We live in a fast-past world. We go and go, always pushing to what lies ahead, straining for that next rung on the proverbial ladder. For the Christian, this means that we are often eager to discover what God’s next step for us is. We want to get moving – ready to go where He wants us to go, straining to understand where the path that He wants us to walk will lead.

God, however, doesn’t always see fit to reveal to us the next step at our moment of inquiry. In His wisdom, God sometimes desires for us to remain where we are – at least in terms of our present circumstance. He doesn’t always tell us – “This is where I’m leading you.” Instead, He wants us to learn to trust Him even when the next step is unclear.

 

George MacDonald stated it this way,

Faith is that which, knowing the Lord’s will, goes and does it; or, not knowing it, stands and waits, content in ignorance as in knowledge, because God wills; neither pressing into the hidden future, nor careless of the knowledge which opens the path of action. (“The Temptation in the Wilderness,” Unspoken Sermons, Series I)

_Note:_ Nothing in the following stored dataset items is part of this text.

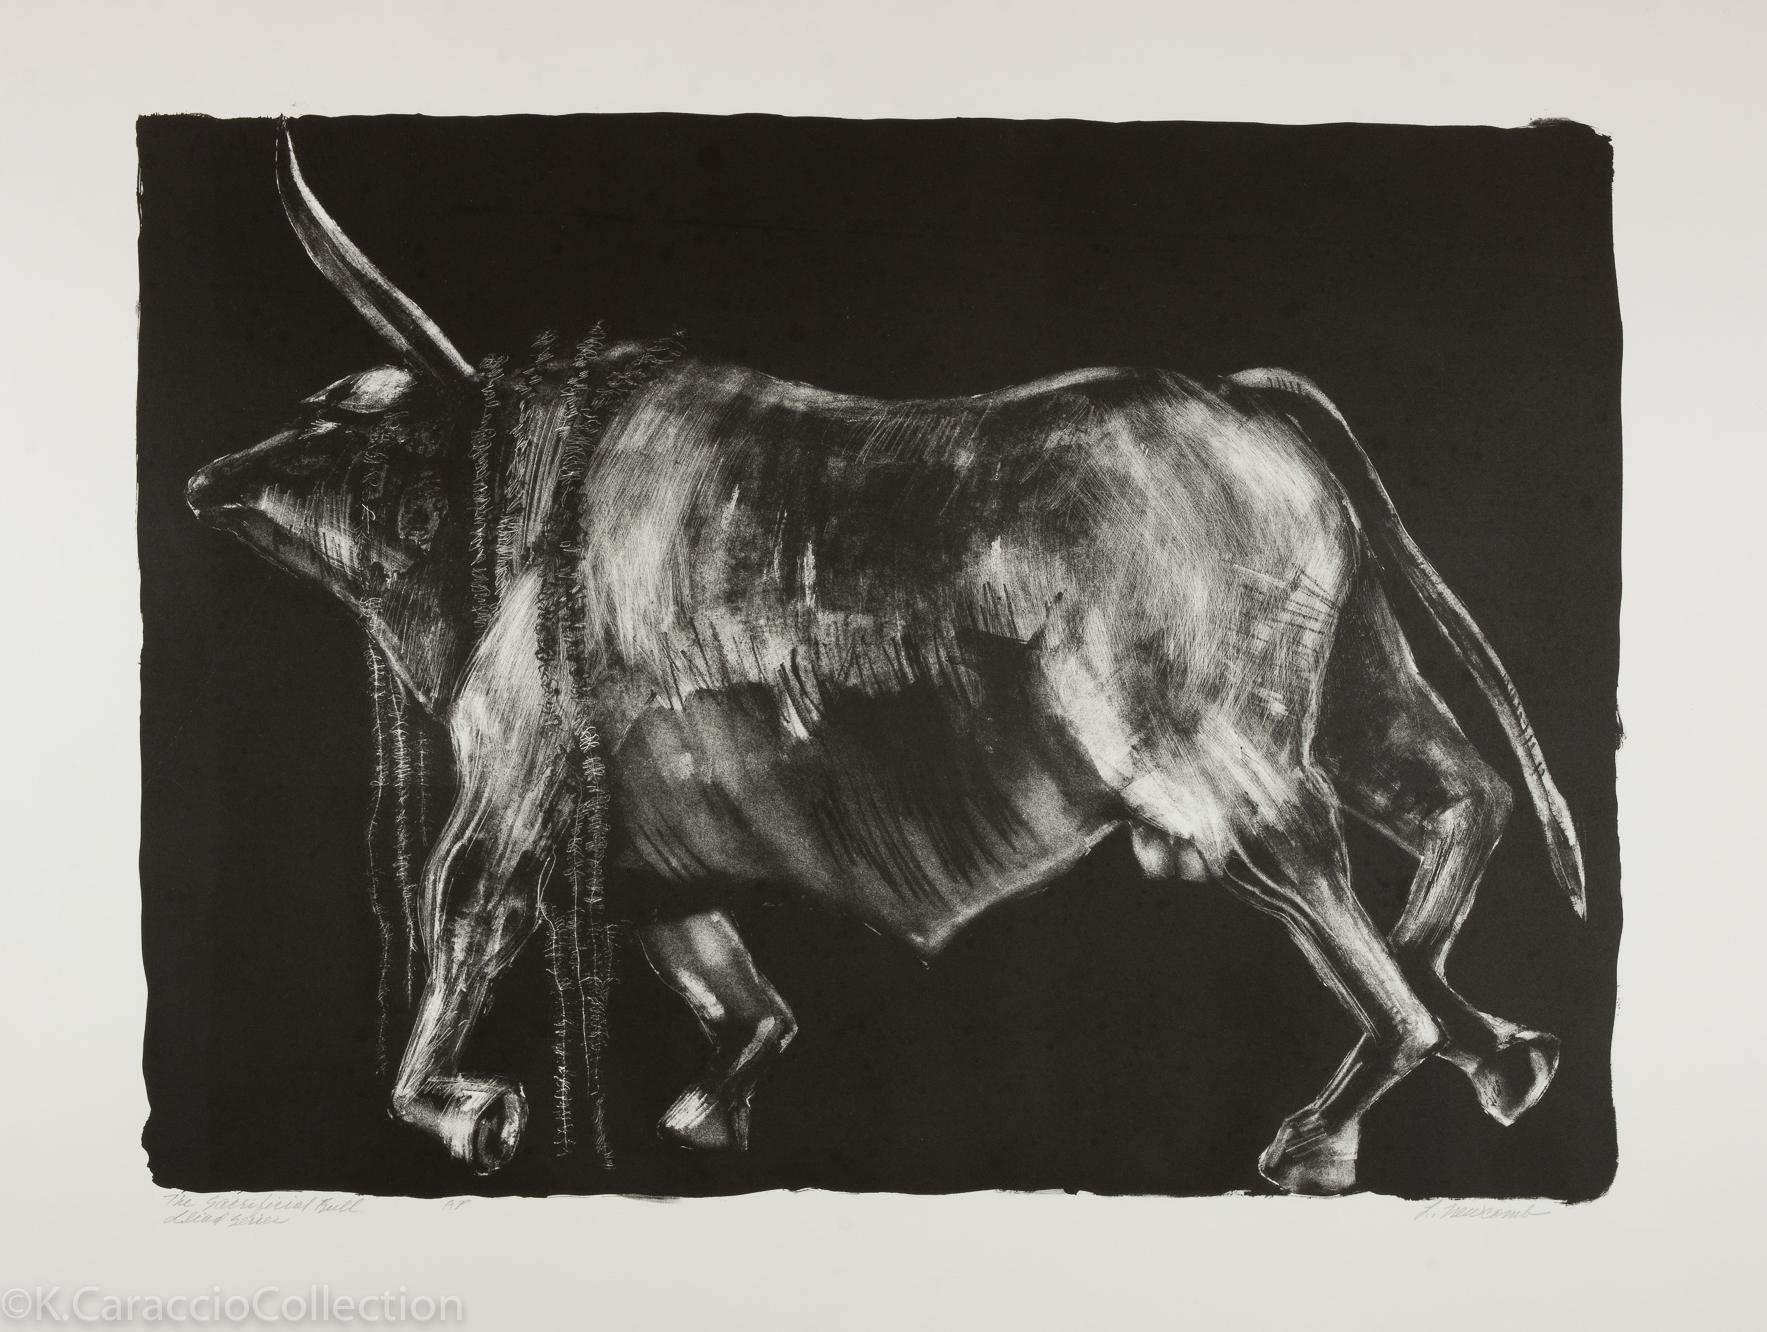 Sacrificial Bull, 2016
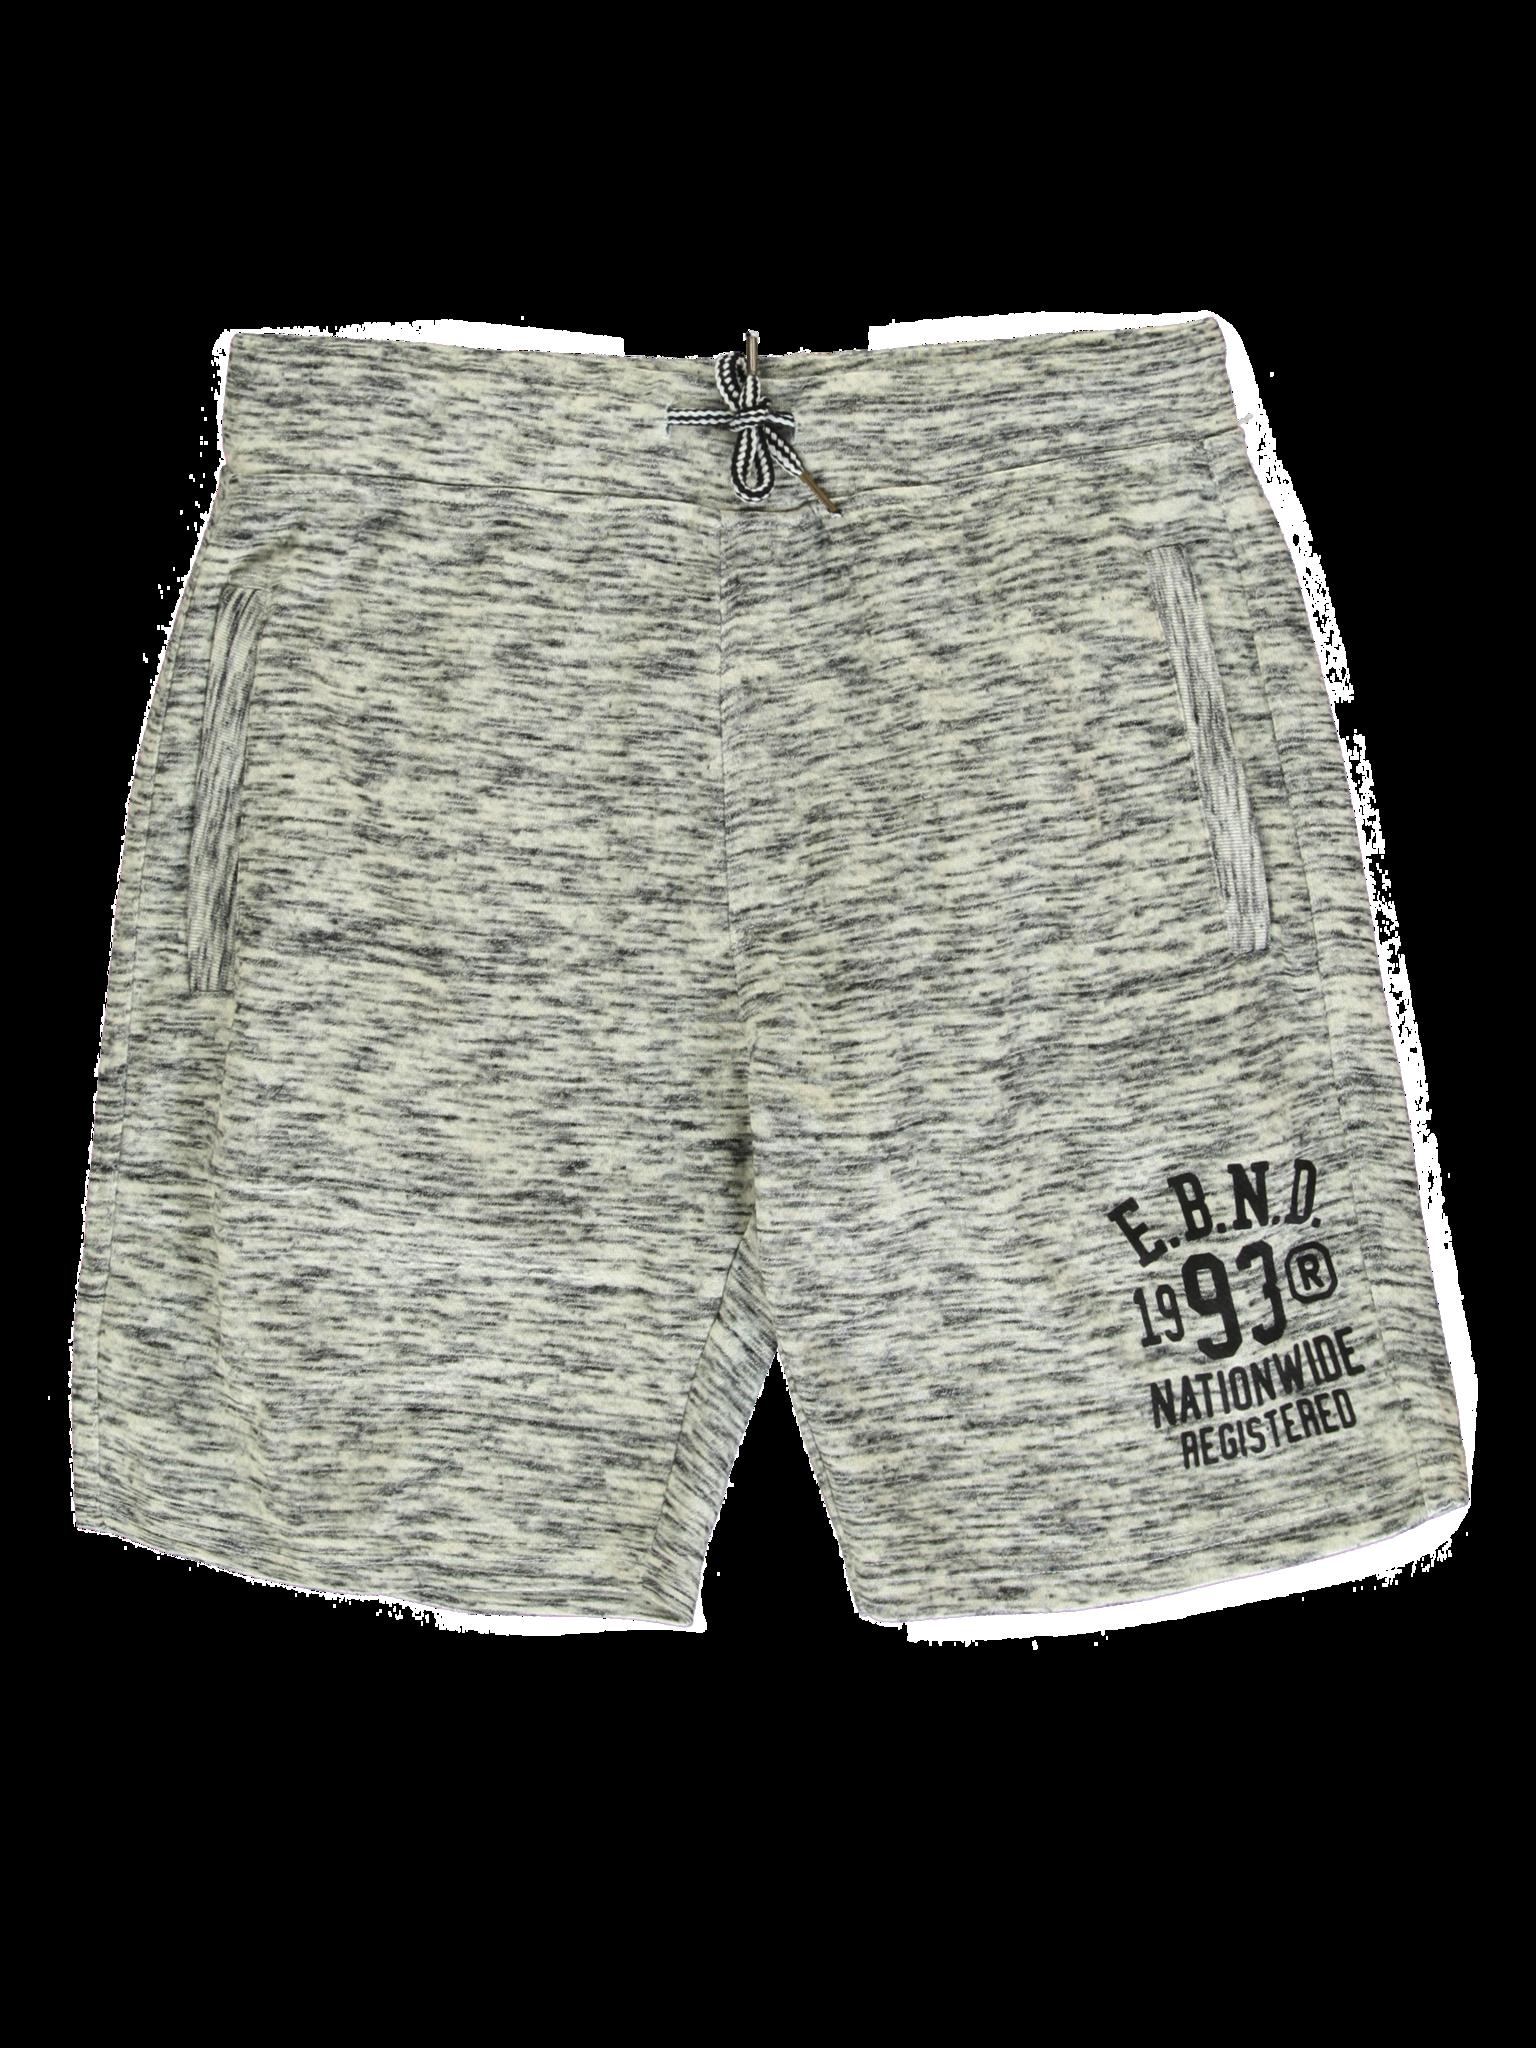 All Brands | Summerproducts Men | Bermuda | 18 pcs/box
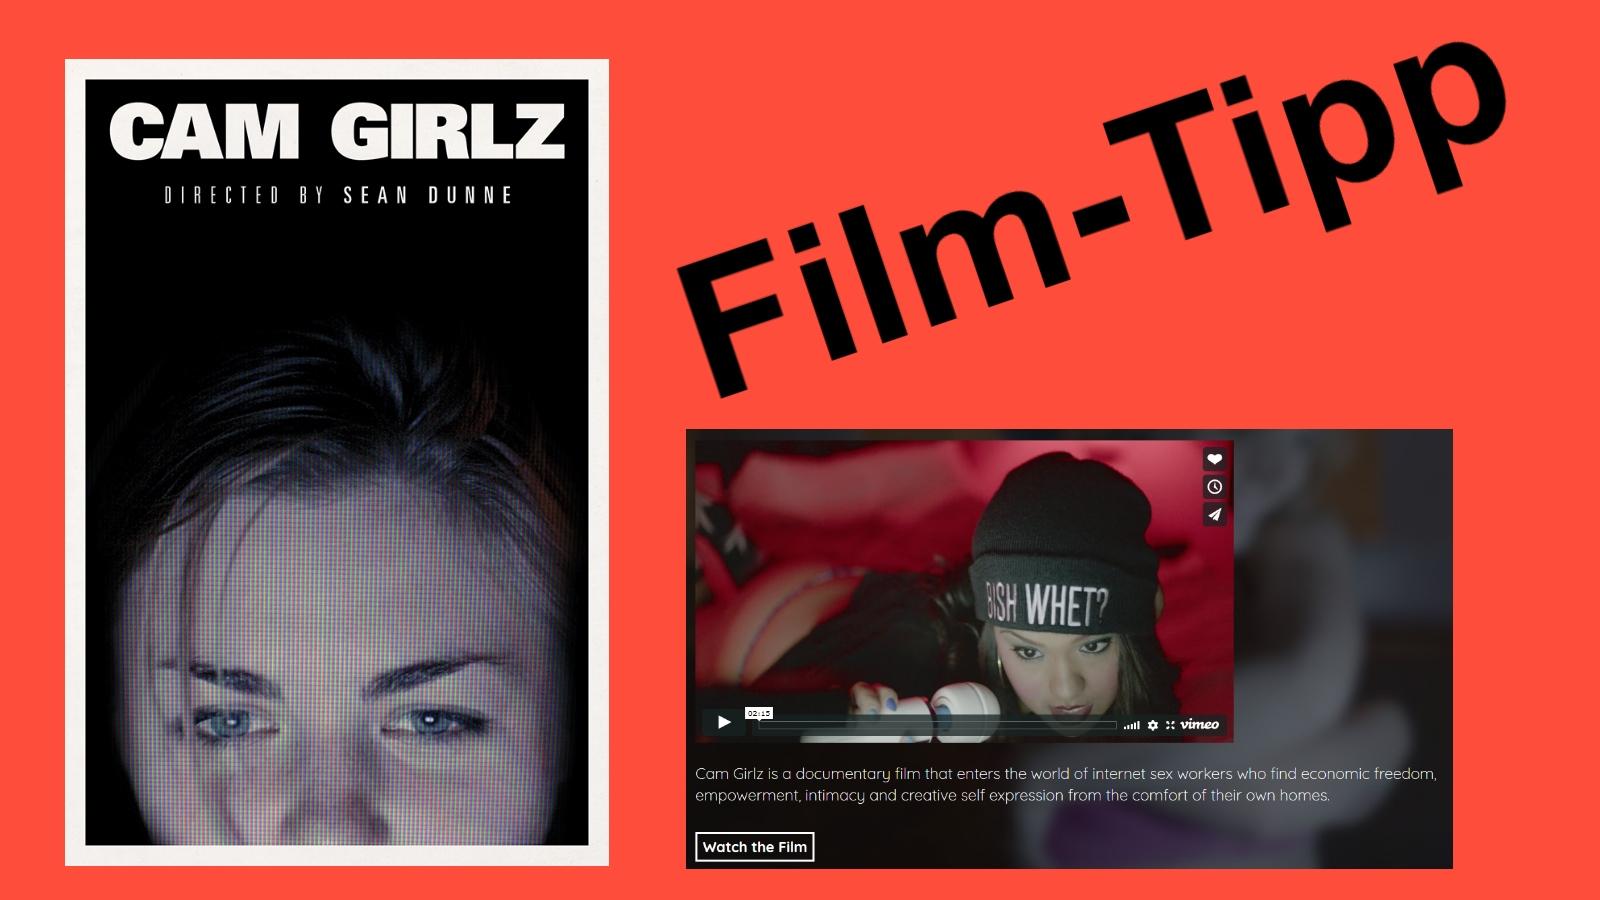 Film-Tipp Camgirlz

Did you catch that? If we want to live lives of faith, it means that we have to be ready to go when God calls us somewhere. It also means that when God hasn’t clearly called us somewhere, we have to be content with where He has placed us now. In either circumstance, being faithful means doing what God has called us to do.

It’s a hard reality. We want to see beyond the horizon; we want to know what’s in store. Like children, we are anxious to discover what lies inside the presents under the tree. Sometimes, God calls us to move; sometimes He calls us to wait. In either case, we can be grateful that God calls us at all.

Which is harder…going when God says “go” or waiting when He says “wait”? Why do you think that is?